The masons were nearly finished building a brick cistern twenty metres up the slope beside the cascading stream, and a pipeline had been installed to bring water from it to the house. Plumbers had run wastewater pipes from the bathrooms, and labourers were preparing the ground for a septic tank and a leaching field well down the slope from the buildings.

David, Maria, Rachel, Bethia and Greta sat sipping wine under the oak trees in the courtyard as they reviewed the four days of work and looked at the following week. "The electrical turbine is due to arrive on Tuesday," David said. "And the electricians told me the wiring should be complete by then. Lathing the new walls will begin on Monday, and the plasterers are coming on Tuesday."

"All the bathroom and water closet fixtures are due to arrive on Wednesday," Rachel said. "When will the water be connected?"

"The cistern is nearly complete. It needs only the mortar to mature and then a sealing with resin," David said. "They told me we can start filling it Wednesday morning, but we're still waiting for the hot water tanks. No word yet on their arrival."

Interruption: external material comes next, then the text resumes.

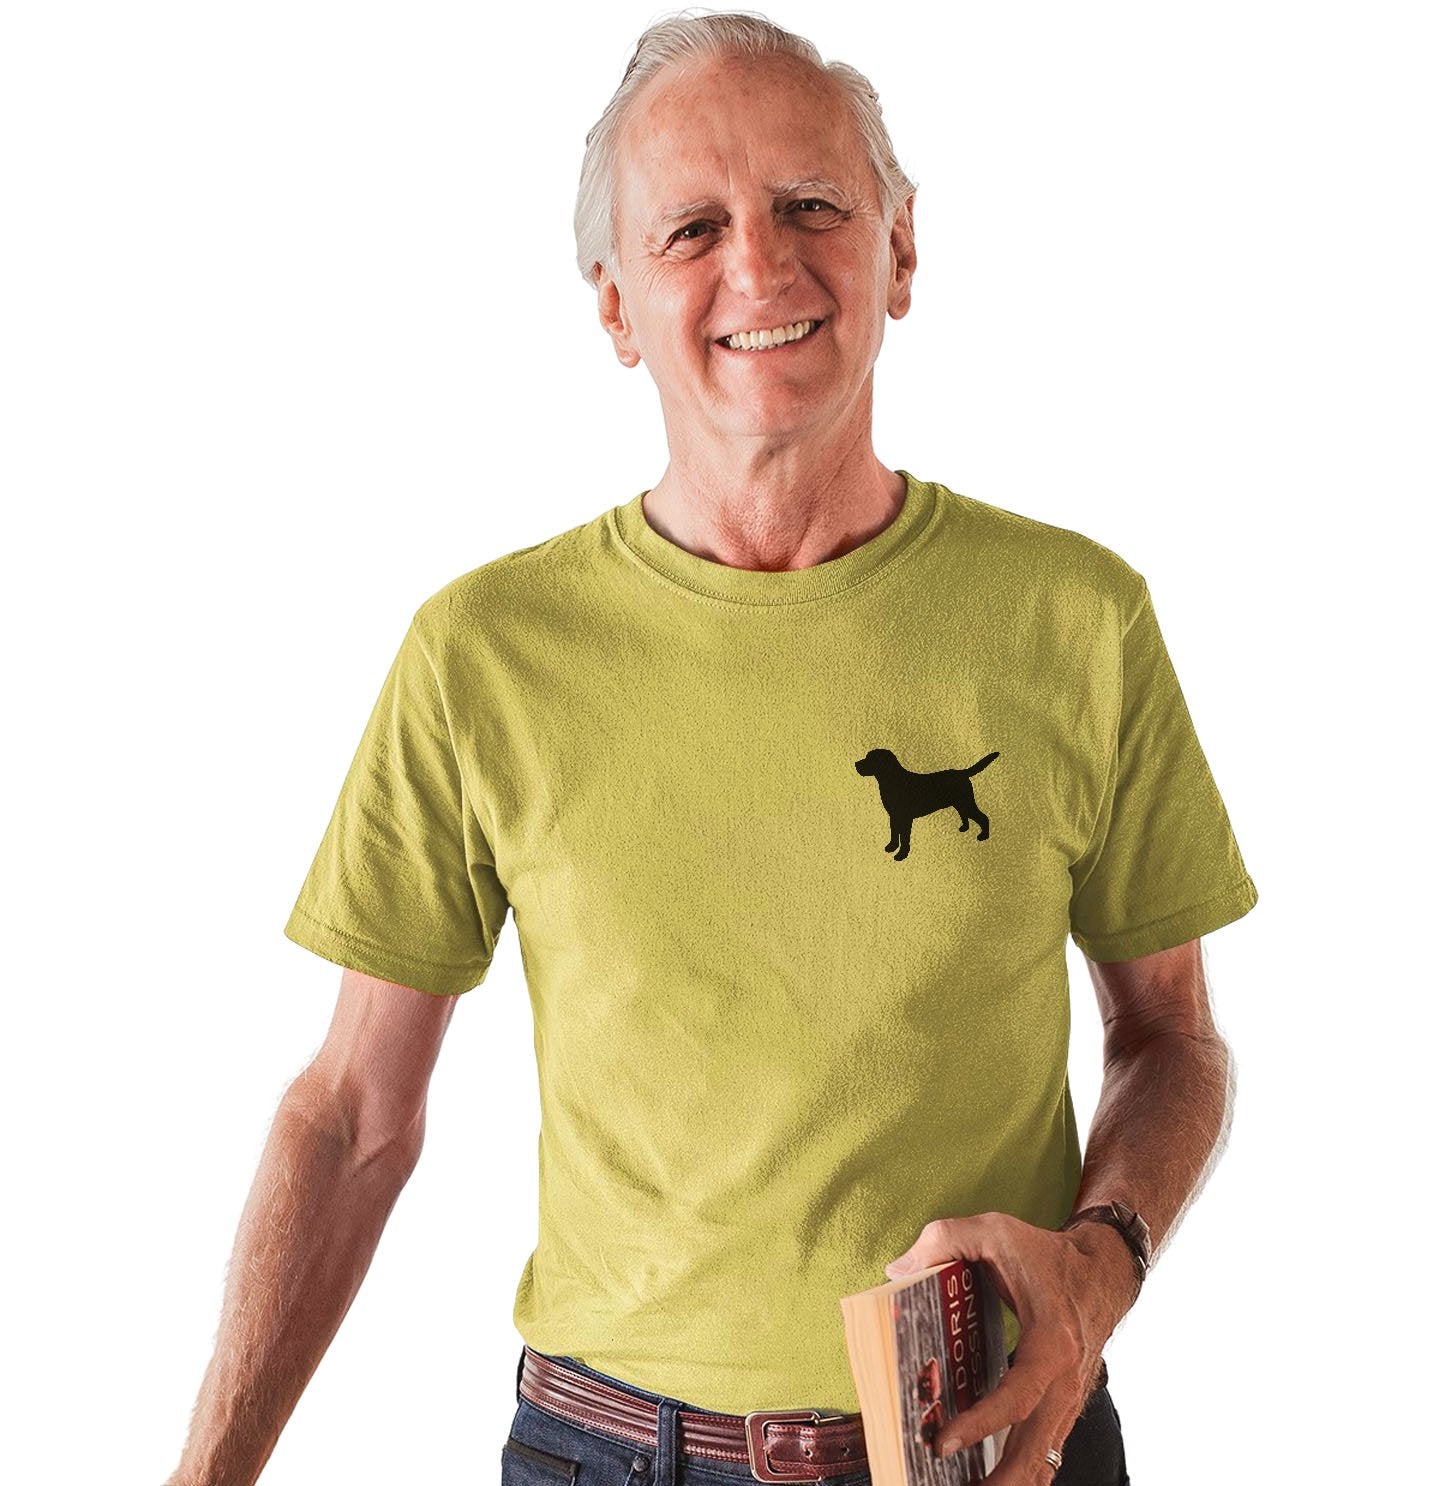 Labrador Silhouette Small - Adult Unisex T-Shirt
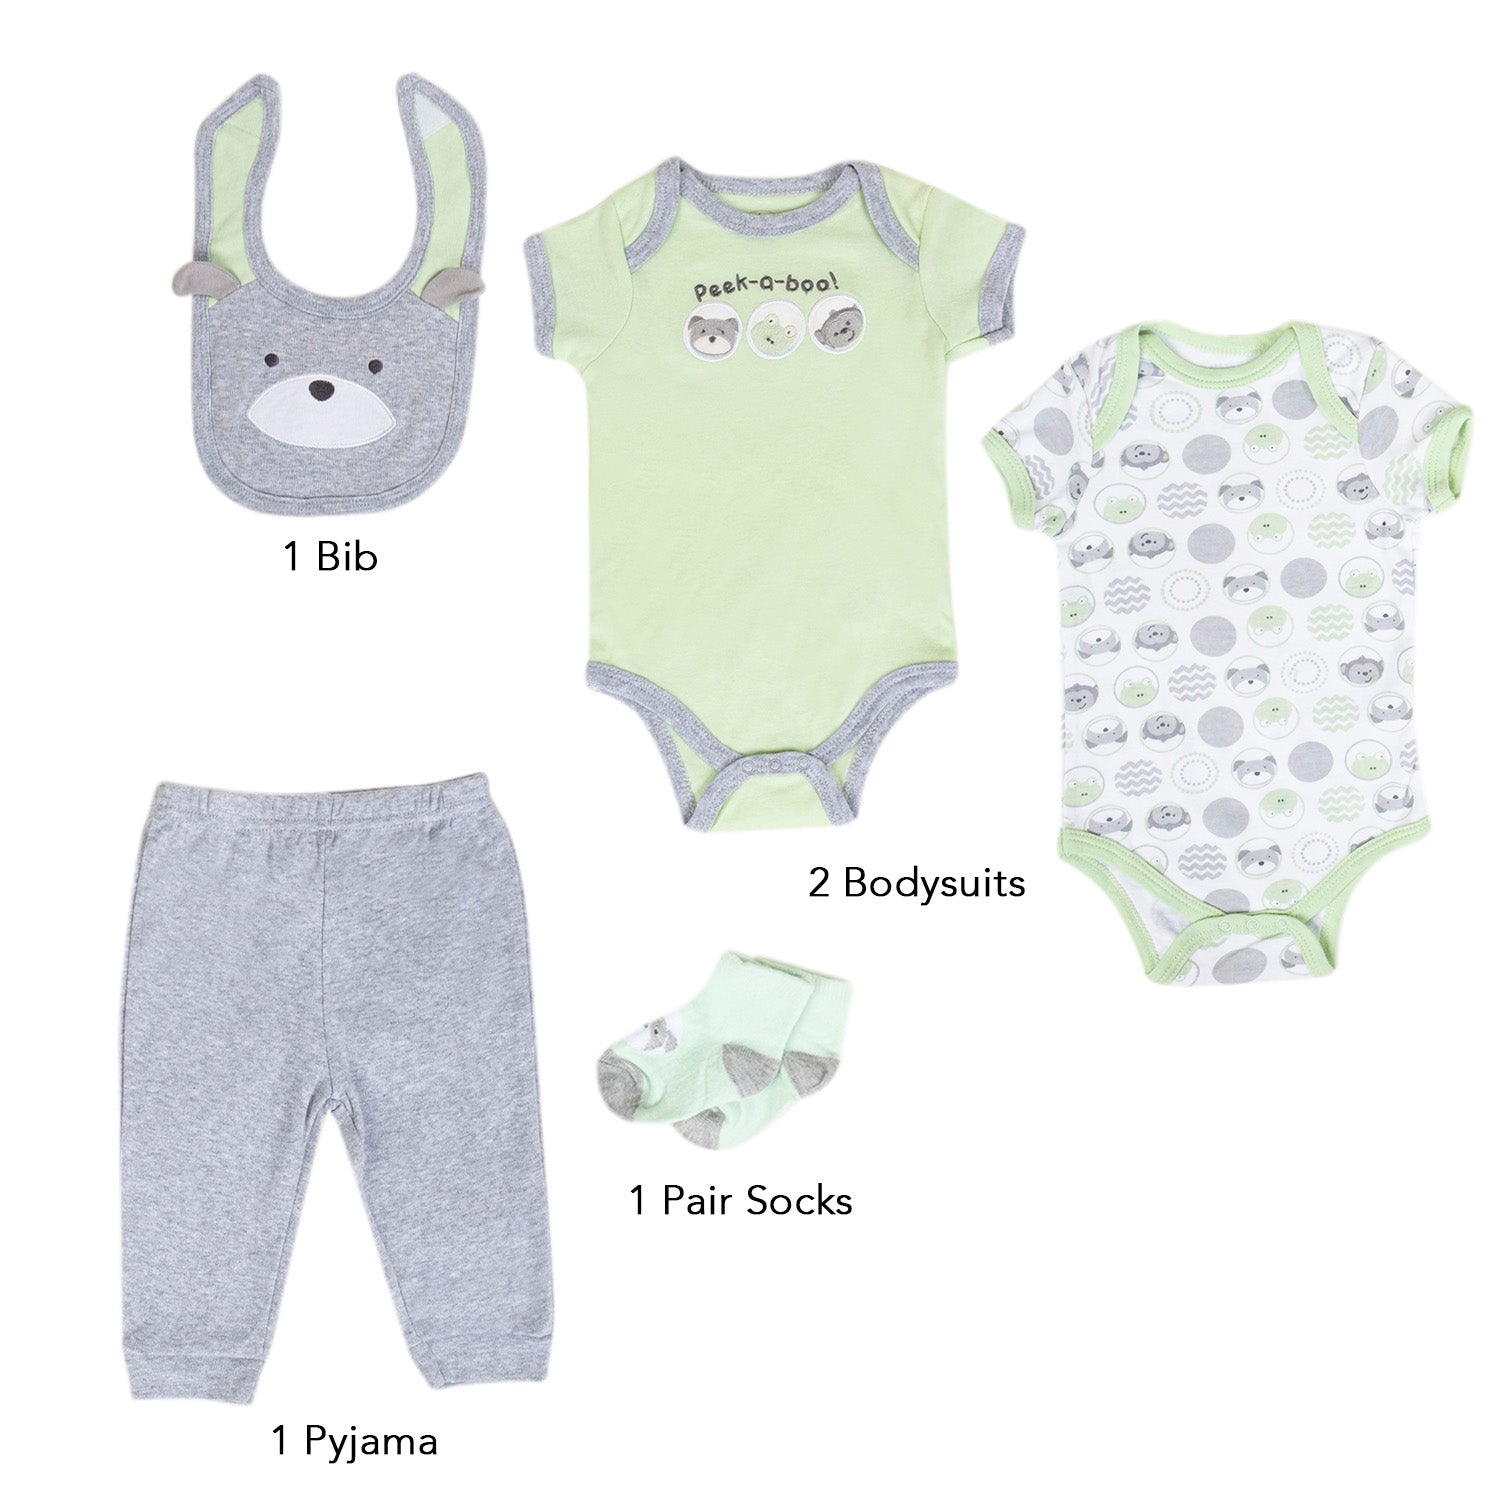 Baby Moo Peek A Boo Gift Set 5 Piece With Bodysuits, Pyjama, Bib And Socks - Green, Grey

Greta had listened quietly, then at a lull in the conversation, she said, "This is more like my dream. I was foolish to not kick him out, but he was always such a sweet talker. So much talk and so little action. And I was so gullible, always believing he'd change." She shook her head. "More than thirty years here with chamber pots, buckets from the stream and kettles on the stove for hot water. So plain to see now he was fooling me with his stories of how difficult it would be to make things easier."

"But Jacob and Maddie hadn't modernised until a few years ago," Rachel said. "When Edom and I moved to Germany in 1905, they still had chamber pots, an outhouse and no electricity."